Over time, callers had a requirement to not block when fallback options
were available. Some have abused __GFP_WAIT leading to a situation where
an optimisitic allocation with a fallback option can access atomic
reserves.
This patch uses __GFP_ATOMIC to identify callers that are truely atomic,
cannot sleep and have no alternative. High priority users continue to use
__GFP_HIGH. __GFP_DIRECT_RECLAIM identifies callers that can sleep and
are willing to enter direct reclaim. __GFP_KSWAPD_RECLAIM to identify
callers that want to wake kswapd for background reclaim. __GFP_WAIT is
redefined as a caller that is willing to enter direct reclaim and wake
kswapd for background reclaim.
This patch then converts a number of sites
o __GFP_ATOMIC is used by callers that are high priority and have memory
pools for those requests. GFP_ATOMIC uses this flag.
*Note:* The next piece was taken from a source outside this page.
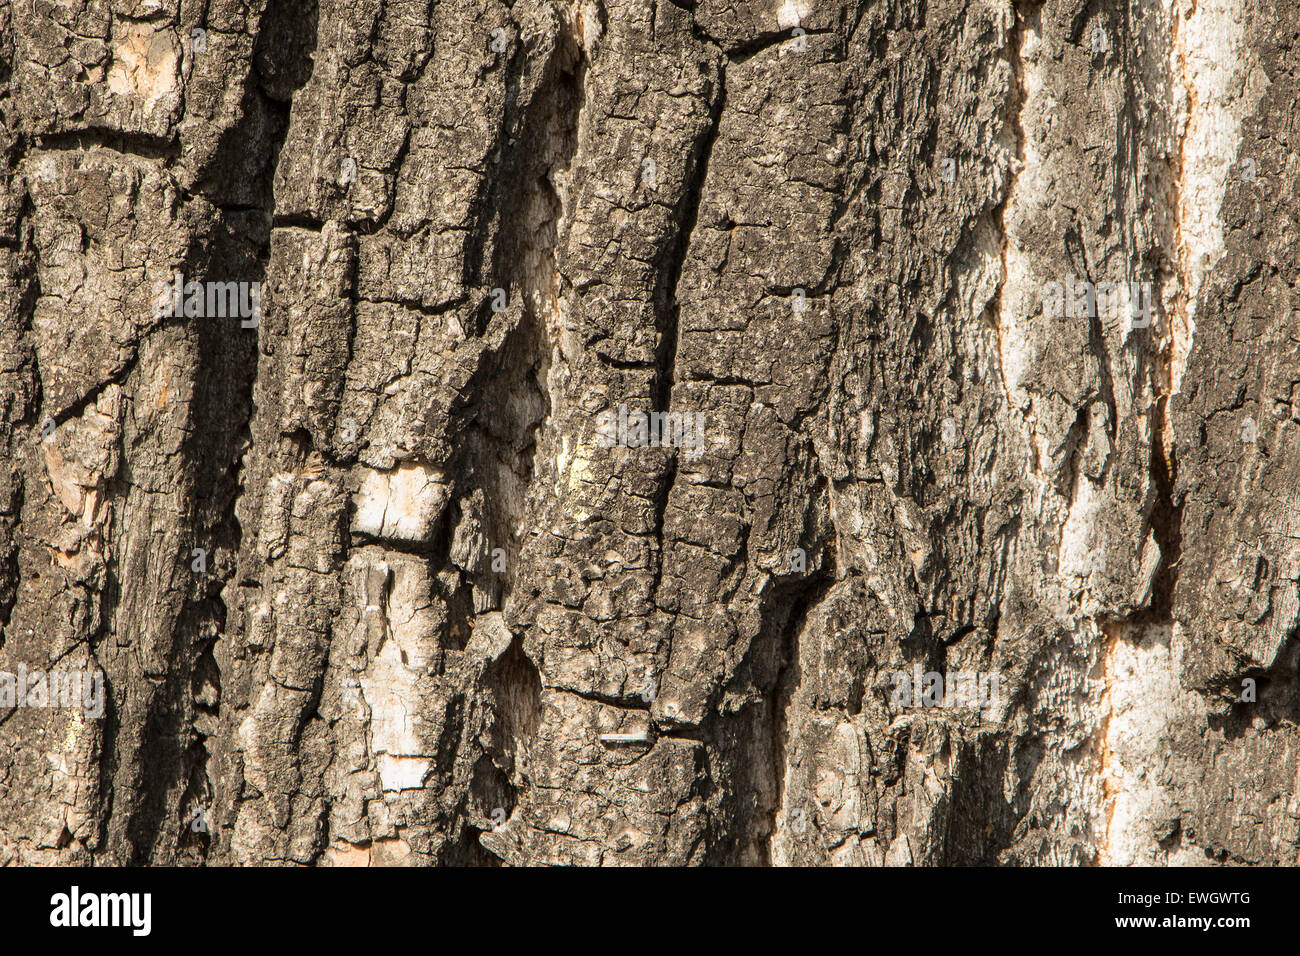 Background or texture of bark of tree. Stock Photo

o Callers that have a limited mempool to guarantee forward progress clear
__GFP_DIRECT_RECLAIM but keep __GFP_KSWAPD_RECLAIM. bio allocations fall
into this category where kswapd will still be woken but atomic reserves
are not used as there is a one-entry mempool to guarantee progress.
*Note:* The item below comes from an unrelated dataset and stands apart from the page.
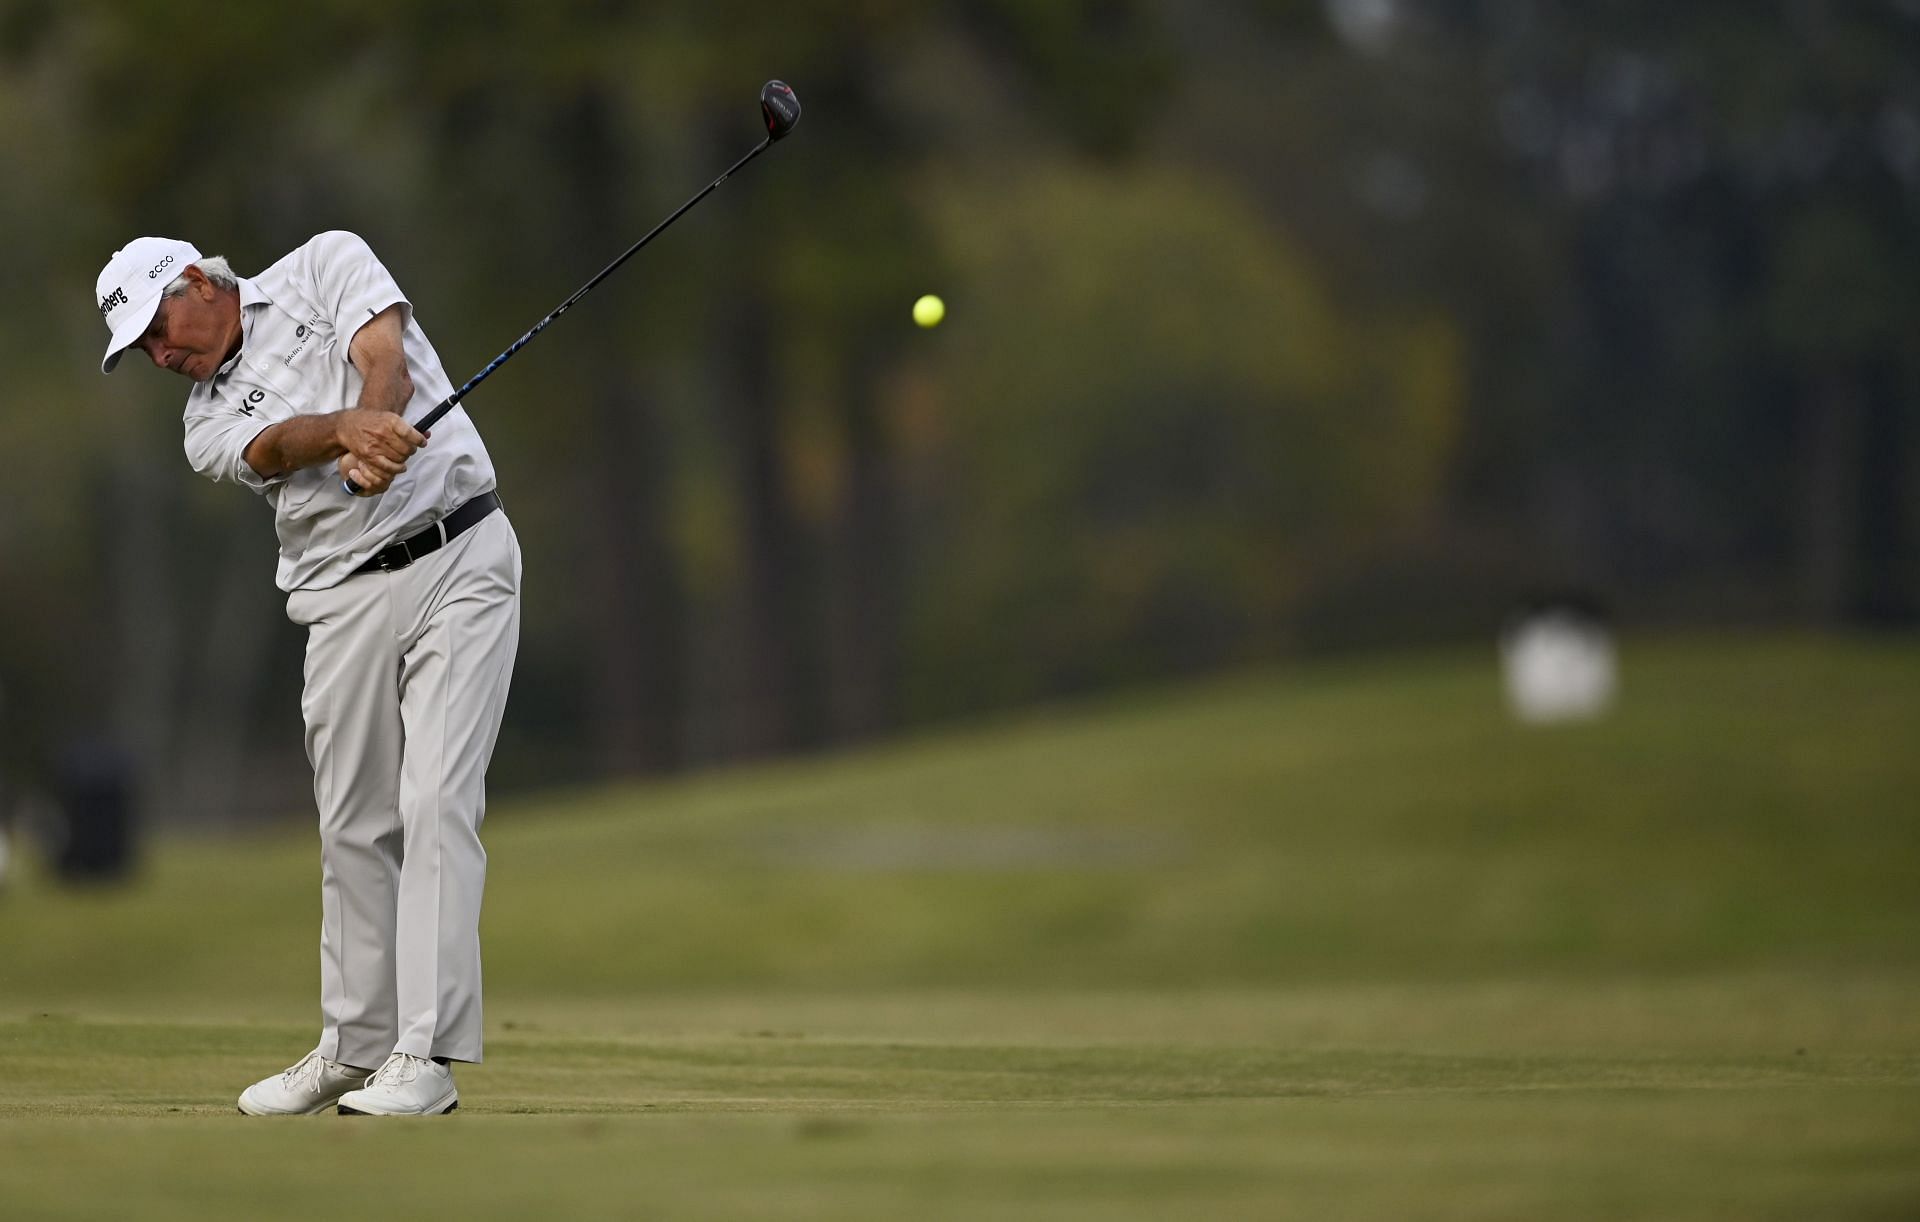 Fred Couples at the SAS Championship - Final Round (Image via Eakin Howard/Getty Images)

o Callers that are checking if they are non-blocking should use the
helper gfpflags_allow_blocking() where possible. This is because
checking for __GFP_WAIT as was done historically now can trigger false
positives. Some exceptions like dm-crypt.c exist where the code intent
is clearer if __GFP_DIRECT_RECLAIM is used instead of the helper due to
flag manipulations.
o Callers that built their own GFP flags instead of starting with GFP_KERNEL
and friends now also need to specify __GFP_KSWAPD_RECLAIM.
The first key hazard to watch out for is callers that removed __GFP_WAIT
and was depending on access to atomic reserves for inconspicuous reasons.
In some cases it may be appropriate for them to use __GFP_HIGH.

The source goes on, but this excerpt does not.